The only other science fiction author of whom I've heard that
description is R. A. Rafferty, who came from the neighboring state
of Oklahoma. Is it something in the air there? If I were forced
to pick a similar author, it might be Terry Bisson, who also died
recently. At Readercon 15, Catherine Asaro said that Waldrop had a
lot in common with such writers as R. A. Lafferty, Carol
Emshwiller, Jonathan Lethem, and Michael Chabon, not that his
writing was similar to any of them, but that they were all unique
voices. Something about a set of elements who are similar in that
they are all different sounds very odd.

(Ellen Datlow once said that as an editor she never wanted to see
another "Sherlock Holmes meets famous person" story--unless it was
by Howard Waldrop.)

Rather than try to review some of Waldrop's work, I will observe
that he is one of the few science fiction authors who made his
living at it solely from short fiction. (He did write one novel,
THEM BONES, and co-authored another, THE TEXAS-ISRAELI WAR: 1999,
with Jake Saunders.) Again, at Readercon 15, a panel on ambition
which included Waldrop and Barry Malzberg was asked by moderator
David Alexander Smith what their earlier ambitions were and whether
they felt they had succeeded. Malzberg said, "To make a living as
a science fiction writer, and no, I didn't." Howard Waldrop then
said, "Barry stole my thunder, but I'll go him one better. I tried
to make a living in science fiction writing short stories."

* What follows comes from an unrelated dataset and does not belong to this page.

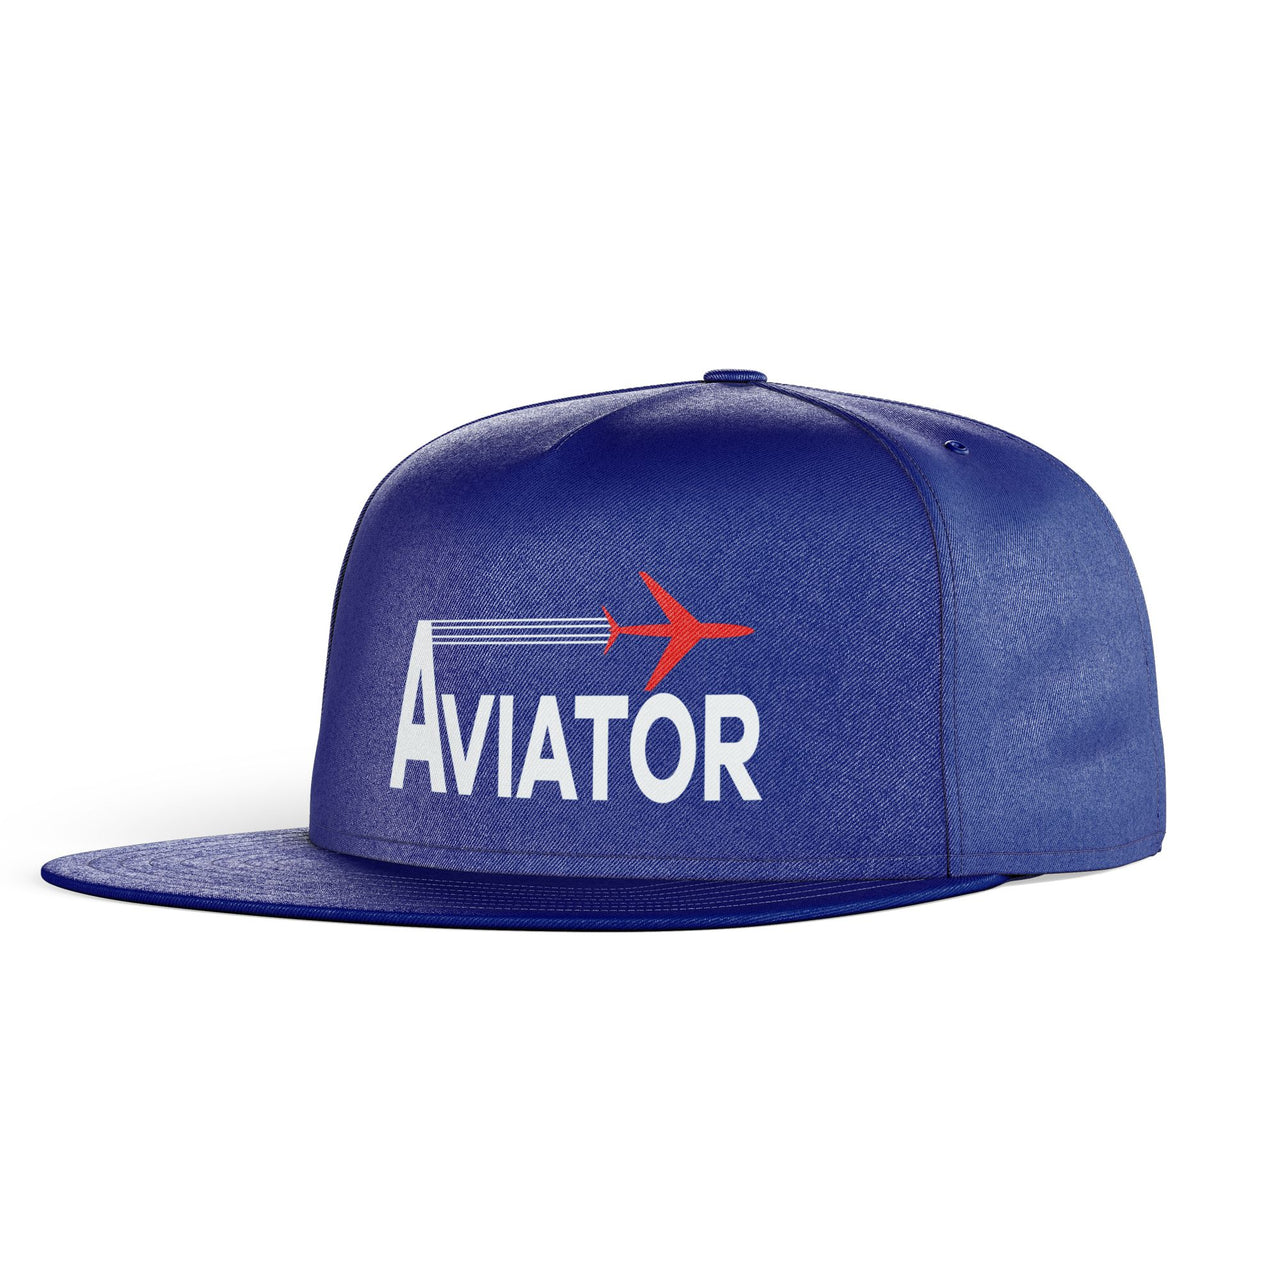 Aviator Designed Snapback Caps & Hats

And I will recommend all of Waldrop's short stories. The best
COMPLETE HOWARD WALDROP (1989, Legend, ISBN 978-0-099-64440-8),
which is itself an omnibus of HOWARD WhO? (1986) and ALL ABOUT
STRANGE MONSTERS OF THE RECENT PAST (1987). Old Earth books did a
couple of collections in 2007 and 2008 (one of shorter works
1980-2005, one of longer 1989-2003) for those looking for something
more recent.

Admittedly the stories in STRANGE THINGS IN CLOSE UP are
thirty-five years old, but these include most of the classics for
which Waldrop is best known: "Ike at the Mike", "Mary Margaret
Road-Grader", "God's Hooks!", "The Lions Are Asleep Tonight",
"Flying Saucer Rock and Roll", "Heirs of the Perisphere", and, of
course, "The Ugly Chickens". (Just as the prolific Robert Bloch
will forever be "the author of PSYCHO", Waldrop will be "the author
of "The Ugly Chickens", or more likely "that chicken story"). A
bigger problem is its rarity/cost, and this applies to the Old
Earth short fiction volume, and the Subterranean one as well. The
sad fact is that the Old Earth long fiction volume seems to be the
only (paper) collection of Waldrop's fiction that is readily
available for less than $40. The good news is that many of his
collections are available free electronically from least some
libraries through Hoopla. [-ecl]


Mark Leeper

Housework can't kill you, but why take a chance?